Remington 870 Express
The Remington 870 Express is offered in three different gauges and two different barrel lengths. It has a pump action and features a four-round capacity. These guns have been in production for over 70 years, coming in at an entry/low-level price. One feature that makes it great for beginners is the different barrel options. You can get replacement barrels to make your shotgun work for various types of hunting, making the Remington 870 Express a versatile choice for a first-time shooter who wants to hunt for birds and deer.

Mossberg Model 500
A good gun at an entry-level price point can be hard to find, but not with this shotgun. The Mossberg Model 500 is a perfect beginner’s gun. From the rugged dependability to the simple design, this gun is easy to use and versatile enough for various hunts. It is also ambidextrous so you can use it no matter your dominant hand. This gun is made in the good old US of A and is an excellent choice for beginners and experienced shooters alike.
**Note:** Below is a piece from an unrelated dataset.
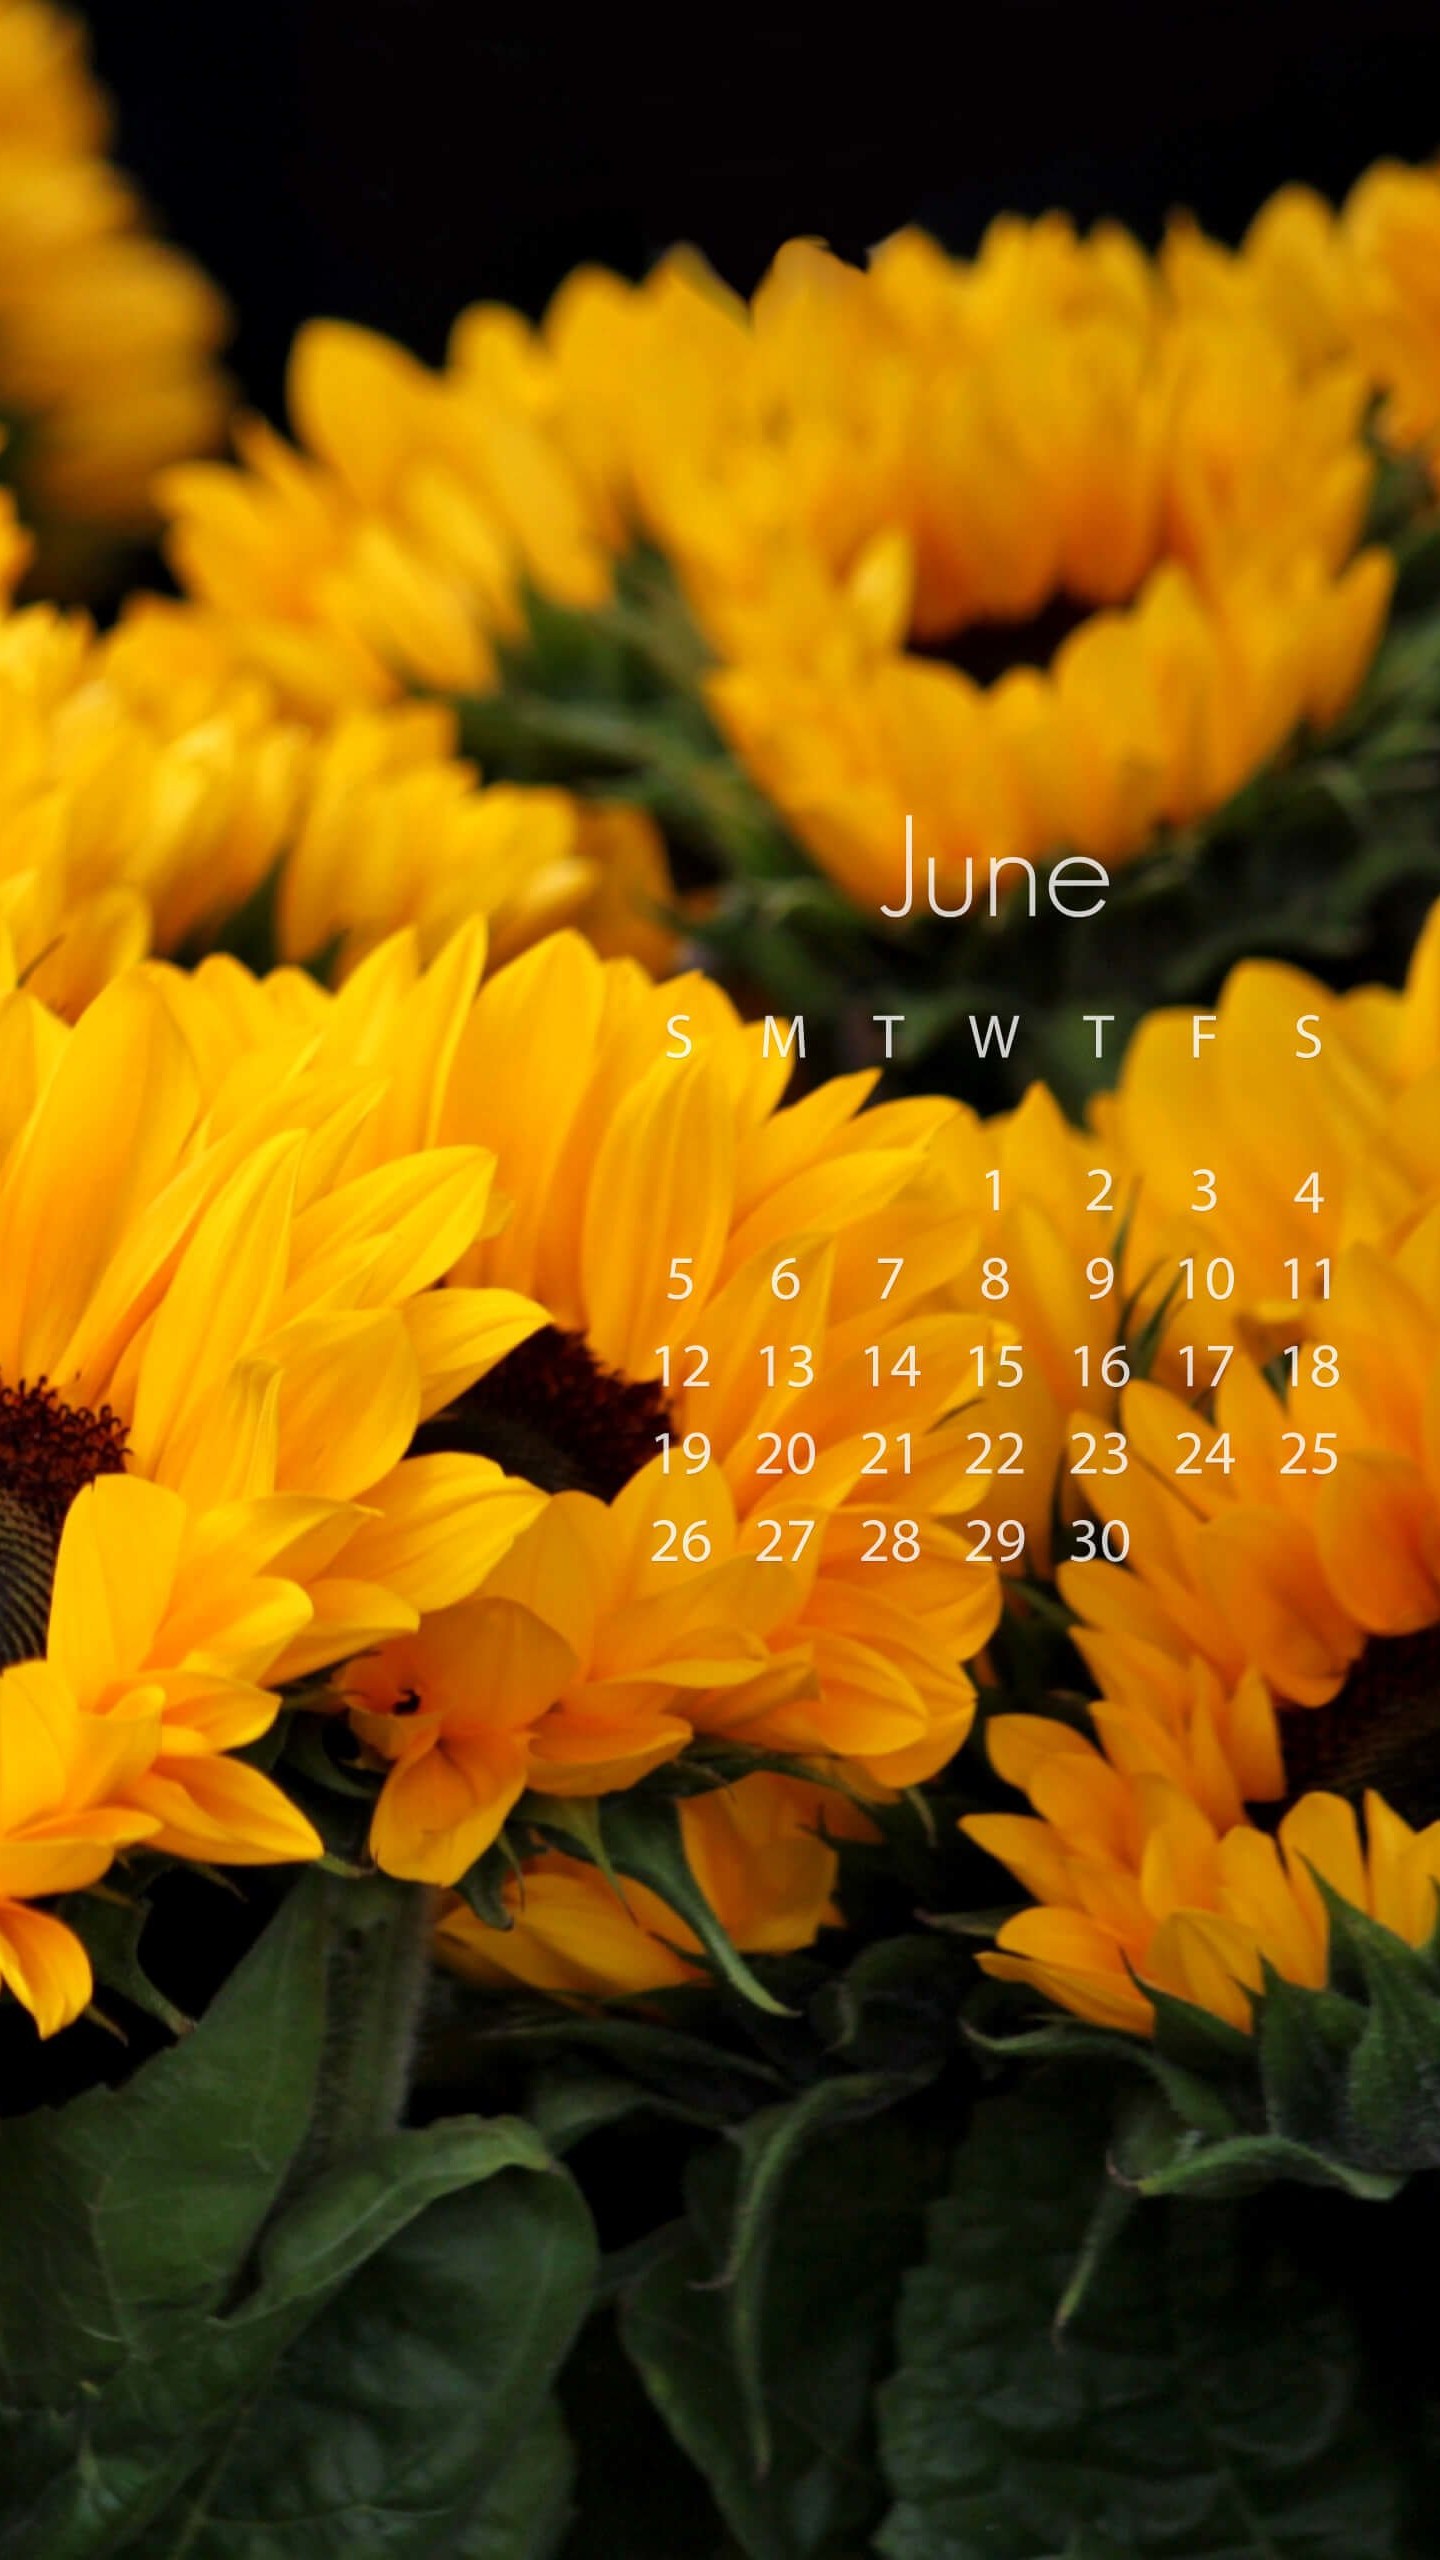 June 2016 Calendar Wallpaper for Google Nexus 6

Winchester SXP Field Pump Action Shotgun
Another lower-cost, reliable shotgun is the Winchester SXP Field Pump Action Shotgun. It features a drop-out trigger, making cleaning a breeze. This shotgun is available in two different gauges and two different barrel lengths. Another great feature of this gun is the recoil pad, which directs energy from the recoil away from your cheek, so you’ll flinch less. Not quite as good reviews-wise as the first two shotguns on this list, but still a great gun!

Benelli Nova
The Benelli Nova is available in two gauges and three barrel lengths. The Benelli pump action shotgun is unique in that it takes shells up to 3.5” long, while most beginner guns only accept up to 3”. This makes it a unique and adaptable choice for the beginning shooter. Benelli guns of all types are well-known and respected for their design and near indestructibility. This gun will last you for years to come.

Beretta Silver Pigeon I
This is the most expensive option on our list and for good reason. The Beretta Silver Pigeon is an over-under competition shotgun is compact and features a low-profile design that will last you for decades, depending on how you care for it. In addition, it is ambidextrous and extremely durable. Beretta is another one of those brands that are genuinely built to last. Pick one up to feel the quality and craftsmanship that goes into their guns.

When it comes down to it, the most important thing when shopping for a shotgun is to talk to a professional. They will be able to help you find the best gun for your size, skill level, and needs. For more information on how to use these shotguns, where to find us, and what you should know before you go shooting, visit our website or call us at (503) 792-3431. Happy shooting!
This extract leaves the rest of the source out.